Andi -- Thank you, another family member of Pete's! One of the treats for Pete last night was a Pijjie Massage, where I faced her and ran my thumbs along her shoulders, under her beak, and ran my forefingers down her head at the same time. She loved it, giving me sweet little soft clucking noises.

Thank you again to everyone ... pigeons are a blessing, for sure.


----------



## Pigeonpal2002 (Jul 27, 2002)

Hi Derrick, 

Boy, you're so precise in your replies! Well, it's a great "family" we have here in this forum and you're a part of it and there is no escape now! 

You're a valuable and very much admired and respected person here.
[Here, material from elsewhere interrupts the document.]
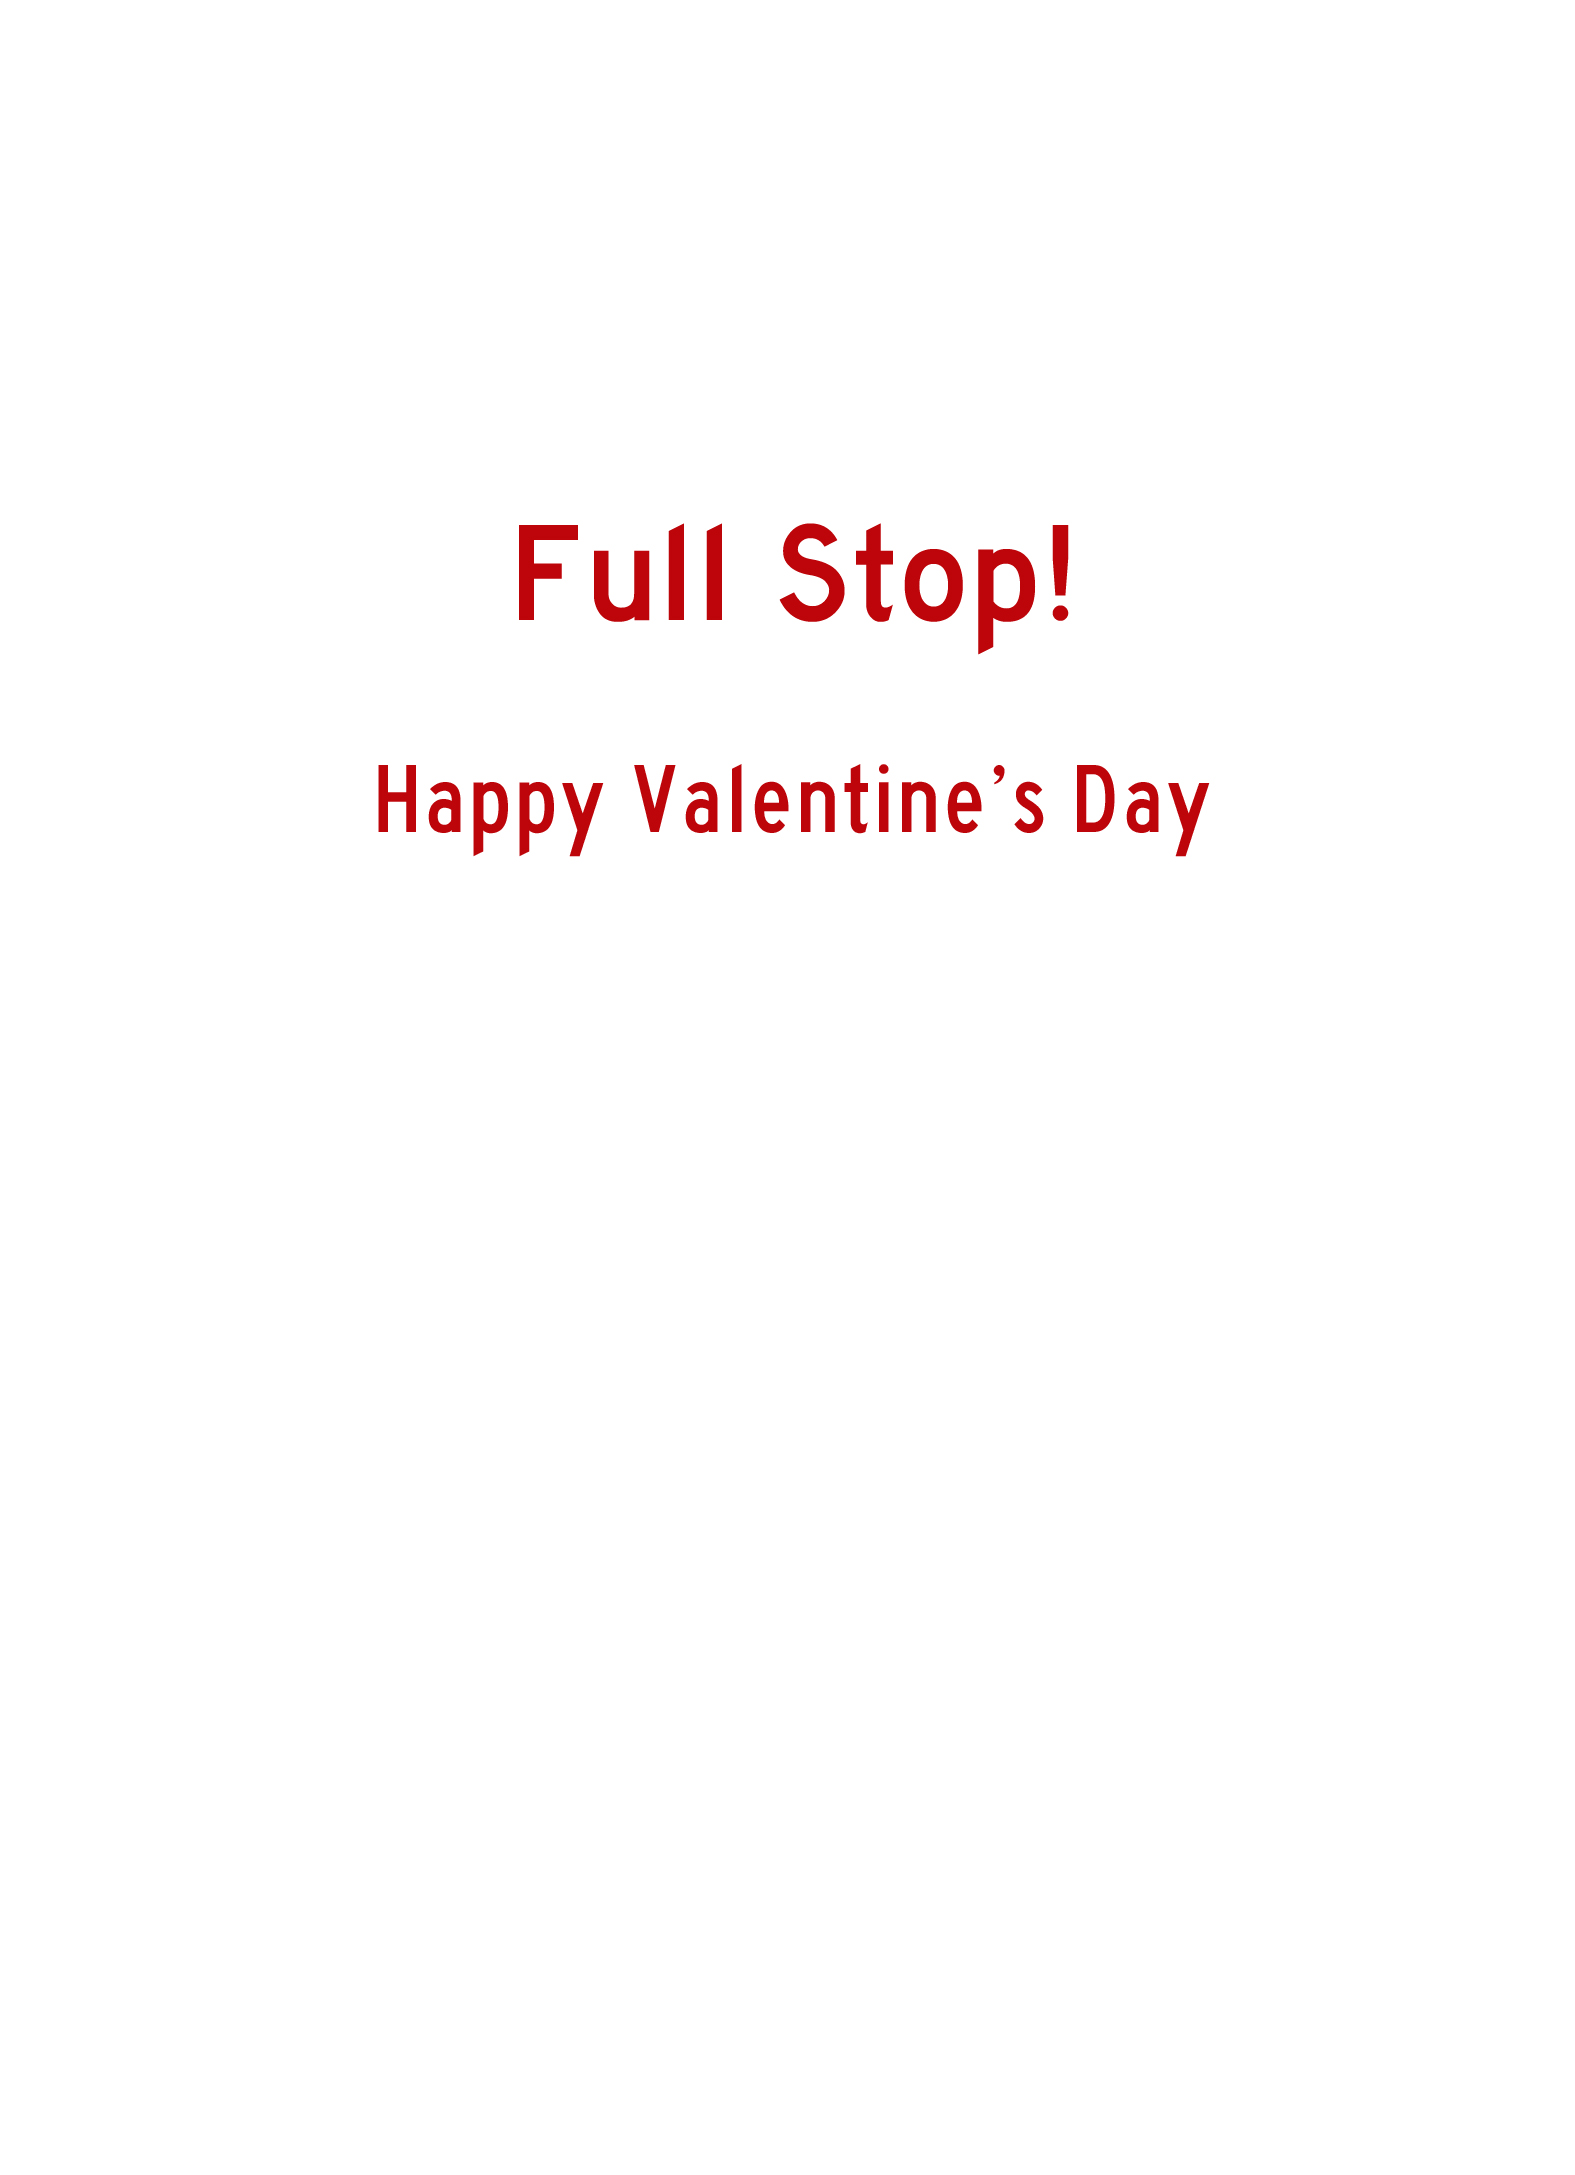 Full Stop VAL Romantic Card Inside

You're so very kind and thoughtful to acknowledge each member's post individually with equally unique responses.

Yes, my dad is doing pretty good, thank you for remembering and mentioning.


----------



## Reti (Jul 20, 2003)

Happy belated Birthday, Pete.
Sorry I missed it. Hope you and Derrick had a great day.

Reti


----------



## Pikachu23739 (Jan 6, 2006)

dekebrent said:


> Today is my beloved Pete's first birthday. For those of you who have not read previous postings about my pet, Pete is a feral hen I rescued in May 2005. She was on my doorstep with a broken wing and leg. I caught her -- boy did she waddle fast for an injured little ball of feathers  -- and made a place for her in my dining room until I could take her to a vet a few days later. I was very fortunate to find a kind and caring vet who provided me with anti-inflammatory gel for Pete's wing and leg, as well as meds for her internal parasites. Within a month or so, Pete's wounded wing and leg healed for the most part. Her wing is still a little out of place, but she flies like a champ around her room and, when I'm home, the house.
> 
> I decided to keep Pete after she healed for two reasons. First, I felt like she could be singled out by raptors because she appears injured to some degree, with her wing somewhat out of place. Second though, after a relatively short time, Pete began to bond with me, and became tame quickly. As for the name, you've probably figured that out -- I thought she was a "he" initially, and refused to change the name after she began laying eggs, particularly because it was a name she recognized.
> 
> ...


_*happy birthday pet..*_


----------



## Jimmy Jo (Oct 16, 2005)

Happy (belated ) Birthday Ms. Pete !!! You are certainly a Beautiful Girl, I just love those long stockings of yours and, my goodness, was that a "Milk Bath" you were taking ?! It's very clear that your Daddy Loves you Dearly...and I can see why, you are a Lovely little Princess ! Again... Happy Birthday and Many, Many, Many More !!!


----------



## dekebrent (Jun 17, 2005)

Reti, Pikachu and Jan -- Pete and I thank you for the birthday wishes. Her "stockings" are just adorable. As for the bath, she is in bowl w/ an off-white bottom, which is why she looks like she is bathing in milk or some other non-clear liquid. As I am sure you three and many others in the community can relate, one of the joys of raising a pigeon is watching the development of its personality. I can tell you that Miss Pete is just a riot, from sitting on my shoulder gently pecking me until I get some peanut treats for her, to flying into my lap yesterday to watch TV ... right after she'd taken a bath. Thus, I had a soaked pigeon resting on my lap, drying herself on my sweatpants while taking a nap. Priceless.


----------